Now, after having read the book, I am surprised frankly by how much controversy this particular text has garnered, especially given how many other books involve similar plots and issues related to allegorical/metaphorical relationalities between our world and the fictional world. Nevertheless, the book does present us the opportunity to remember that even highly “estranging” fictional worlds can be politicized and framed through actual historical and social contexts (a connection that Zhao herself cannot escape given certain authorial intentionalities).
The novel itself adheres somewhat closely to the paranormal romance plot. There is a female teenager character who seems relatively normal, but is soon revealed to be absolutely extraordinary, not only in power but also in her heritage. She is a huge big bad to deal with in the form of the corrupted Cyrillian Empire. And, of course, there is a roguish man, who may or may not become a central, romantic lead.
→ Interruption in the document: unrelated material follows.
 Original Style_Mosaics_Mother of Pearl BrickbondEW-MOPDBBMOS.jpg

The darkness of the fictional world is apparent by much of the carnage and violence that tracks throughout the text, so readers should be aware that there are scenes that are pretty explicit brutality. Because of this representational streak, the novel seems to border on a kind of paranormal horror.
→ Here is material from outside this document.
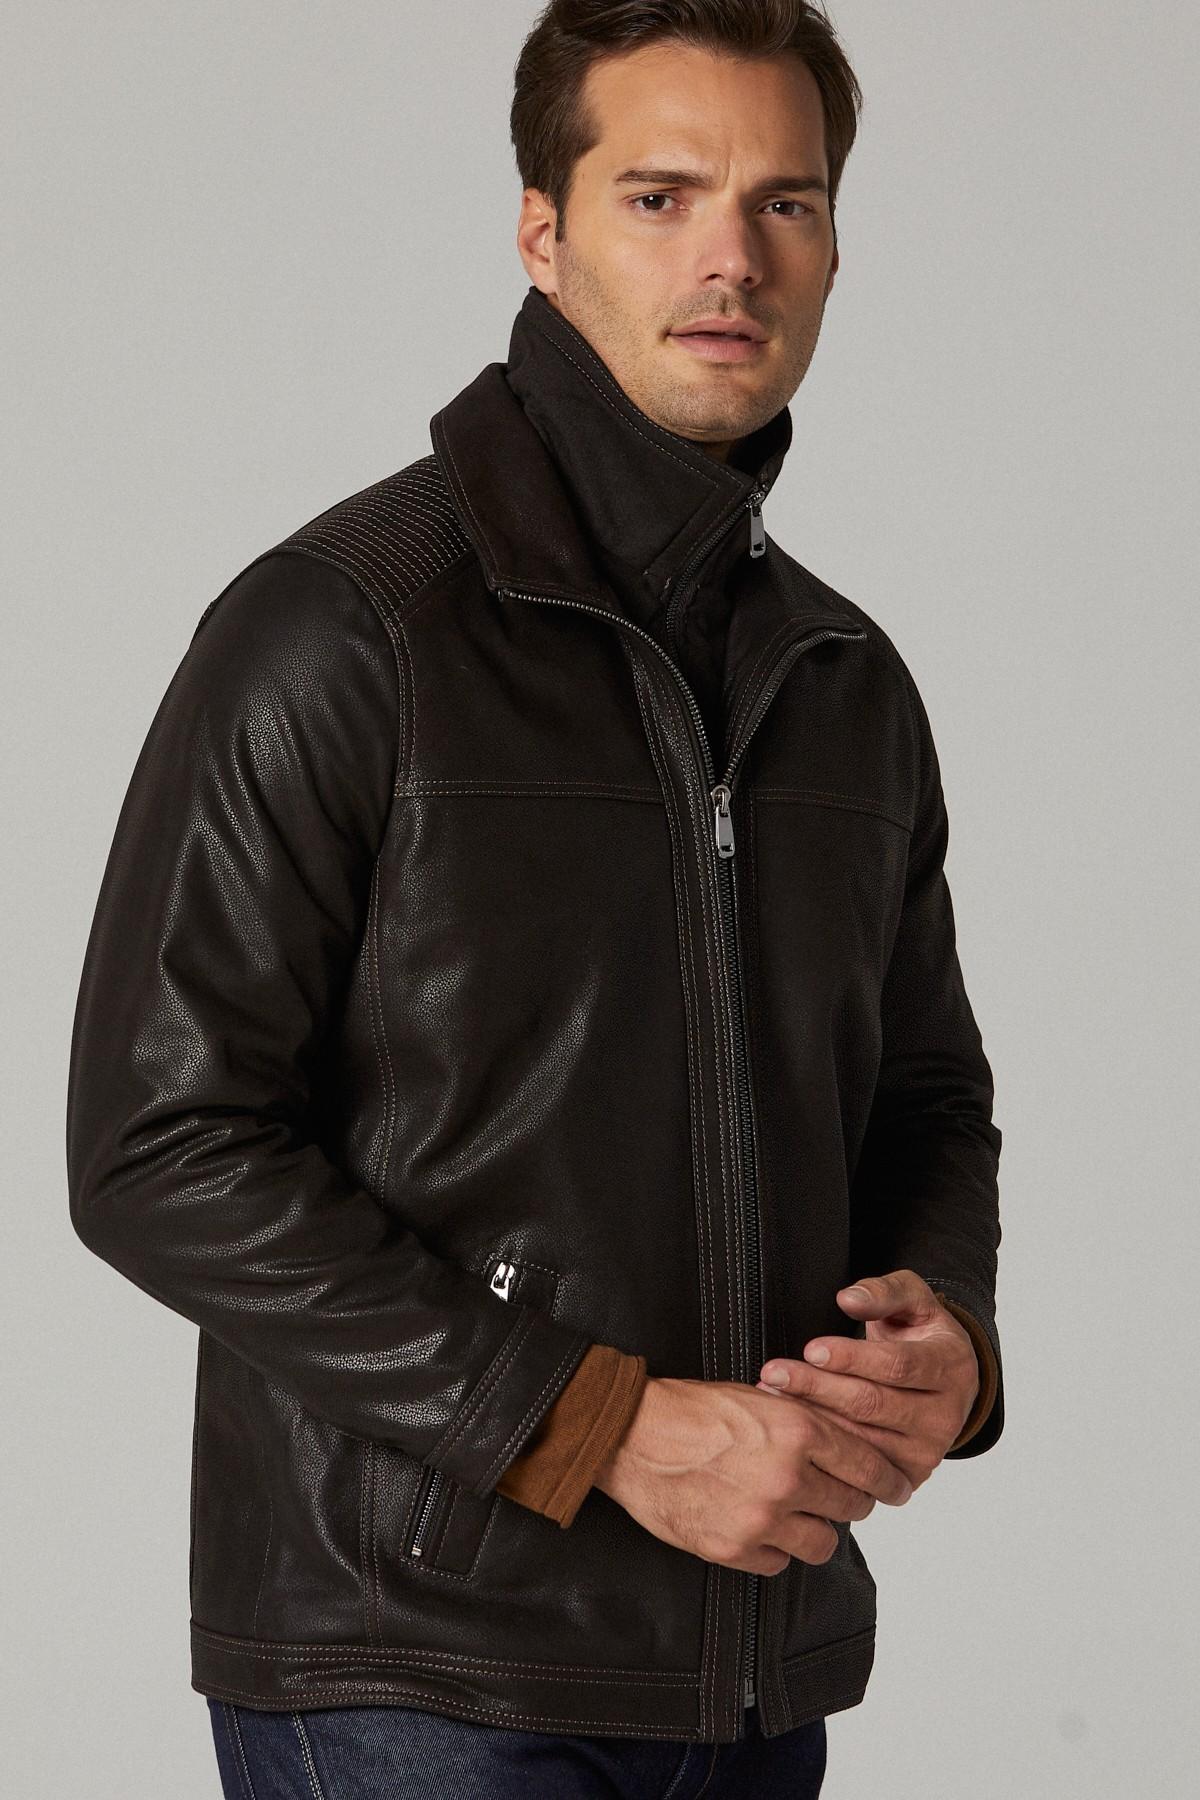 Wilsons Leather Pelle Studio Jacket

I found the text immensely readable. Upon realizing that there were only 100 pages left and I was already an hour past my bedtime, I made myself put the book away. Make no mistakes: the next night, I concluded my writing early just so I could finish it. Zhao’s novel will continue with Red Tigress, set to be released sometime in 2020. I’ll certainly be ready to read what seems to be the conclusion to a duology. Because of the specific controversies generated by this text, I would actually see this book as one that would be a productive addition to a classroom, as students could explore questions of representational appropriation, metaphorical relationality, and racial discourses as they are presented in YA fictions.
Buy the Book Here!
Review Author: Review Editor: Gnei Soraya Zarook
If you have any questions or want us to consider your book for review, please don’t hesitate to contact us via email!
Prof. Stephen Hong Sohn at ssohnucr@gmail.com
Gnei Soraya Zarook, PhD Student in English, at gzaro001@ucr.edu

A Review of Akwaeke Emezi’s Pet (Make Me a World, 2019)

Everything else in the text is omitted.